I suggest that we take, as our scale upon which to weigh such ideas, that which is most real to each and every one of us, the reality right here, in front of our face. I say, "we can't be any more certain about any of [the alternate concepts of reality] than we can be about this reality right here and now that we already have to work with". Then I ask, "Why would we give [an idea about] something mysterious or unknowable more sway in our minds and more prominence in our lives than that which we can actually see and touch?". 

Jump to my current thoughts on this subject....

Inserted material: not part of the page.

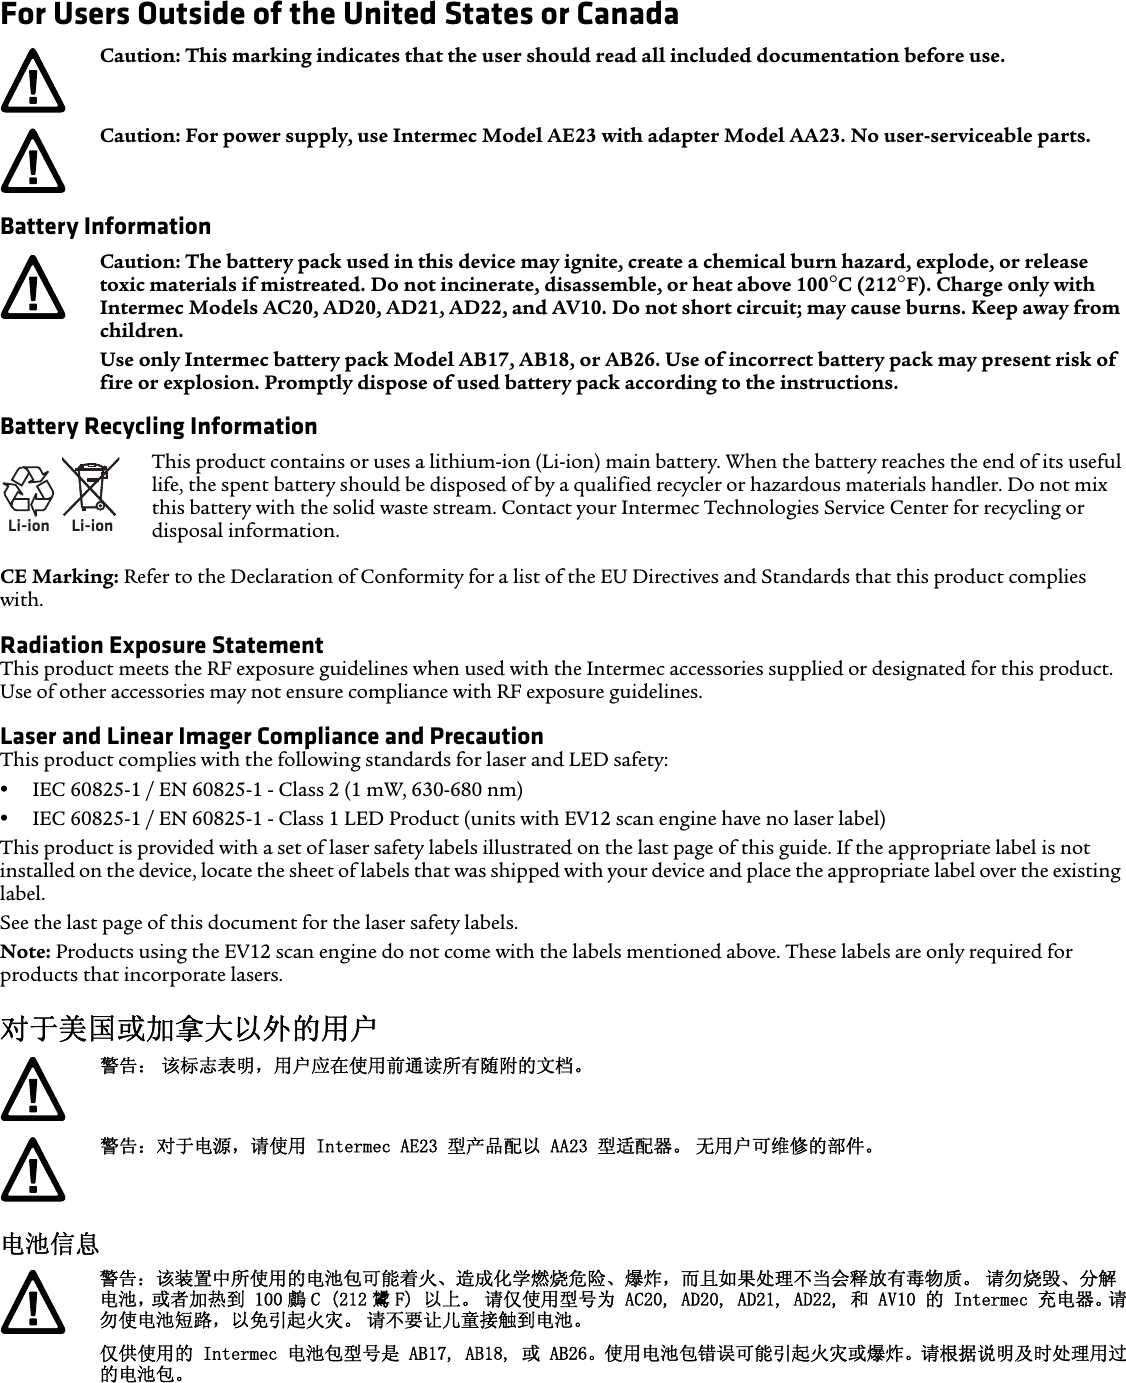 For Users Outside of the United States or Canada  Battery Information Battery Recycling InformationCE Marking: Refer to the Declaration of Conformity for a list of the EU Directives and Standards that this product complies with.Radiation Exposure StatementThis product meets the RF exposure guidelines when used with the Intermec accessories supplied or designated for this product. Use of other accessories may not ensure compliance with RF exposure guidelines.Laser and Linear Imager Compliance and PrecautionThis product complies with the following standards for laser and LED safety:•IEC 60825-1 / EN 60825-1 - Class 2 (1 mW, 630-680 nm)•IEC 60825-1 / EN 60825-1 - Class 1 LED Product (units with EV12 scan engine have no laser label)This product is provided with a set of laser safety labels illustrated on the last page of this guide. If the appropriate label is not installed on the device, locate the sheet of labels that was shipped with your device and place the appropriate label over the existing label.See the last page of this document for the laser safety labels.Note: Products using the EV12 scan engine do not come with the labels mentioned above. These labels are only required for products that incorporate lasers.对于美国或加拿大以外的用户   电池信息 Caution: This marking indicates that the user should read all included documentation before use.Caution: For power supply, use Intermec Model AE23 with adapter Model AA23. No user-serviceable parts.Caution: The battery pack used in this device may ignite, create a chemical burn hazard, explode, or release toxic materials if mistreated. Do not incinerate, disassemble, or heat above 100°C (212°F). Charge only with Intermec Models AC20, AD20, AD21, AD22, and AV10. Do not short circuit; may cause burns. Keep away from children. Use only Intermec battery pack Model AB17, AB18, or AB26. Use of incorrect battery pack may present risk of fire or explosion. Promptly dispose of used battery pack according to the instructions.Li-ionLi-ionThis product contains or uses a lithium-ion (Li-ion) main battery. When the battery reaches the end of its useful life, the spent battery should be disposed of by a qualified recycler or hazardous materials handler. Do not mix this battery with the solid waste stream. Contact your Intermec Technologies Service Center for recycling or disposal information.警告： 该标志表明，用户应在使用前通读所有随附的文档。警告：对于电源，请使用 Intermec AE23 型产品配以 AA23 型适配器。 无用户可维修的部件。警告：该装置中所使用的电池包可能着火、造成化学燃烧危险、爆炸，而且如果处理不当会释放有毒物质。 请勿烧毁、分解电池，或者加热到 100 鸆 C (212 鸉 F) 以上。 请仅使用型号为 AC20, AD20, AD21, AD22, 和 AV10 的 Intermec 充电器。请勿使电池短路，以免引起火灾。 请不要让儿童接触到电池。仅供使用的 Intermec 电池包型号是 AB17, AB18, 或 AB26。使用电池包错误可能引起火灾或爆炸。请根据说明及时处理用过的电池包。

Recently, I've received questions or comments from a number of people relating to the concept of the Matrix. In at least a couple of the messages, both of which were from theistic religious people, it seemed like the point they were trying to make was that there may be something mysterious or supernatural "out there" that we're just not aware of yet (...or something like that). 

I got the impression that they thought that either I'm being too closed-minded to the multitude of (mysterious and supernatural) religious possibilities and really missing an opportunity to be in touch with their preferred Possibility, or that in my open-mindedness and lack of willingness to make an absolute claim about Unknowable Things (and a distaste for their willingness to do so), I may be on a slippery slope angling toward either Absolute Relativity (a condition or state in which nothing can really be known, or at least that nothing that can be known is relevant to anything else. Thus, nothing matters), or its lesser recognized twin, Absolute Certainty (Someone in this condition is often called a "Know-It-All"). 

I'm going to focus on the comments of just two of them for now. The interesting thing to me is that, one of them actually seemed to have read that page, while the other clearly had not. Yet, each of them were basically saying the same thing. Ya, that's interesting to me. Now, the one that didn't read that page obviously could not have known what I think about it, but the other one clearly must have just ignored my point and just wanted to find something to quote upon which to hang their argument. What follows is the basic sense of their questions and comments and some of my thoughts about them.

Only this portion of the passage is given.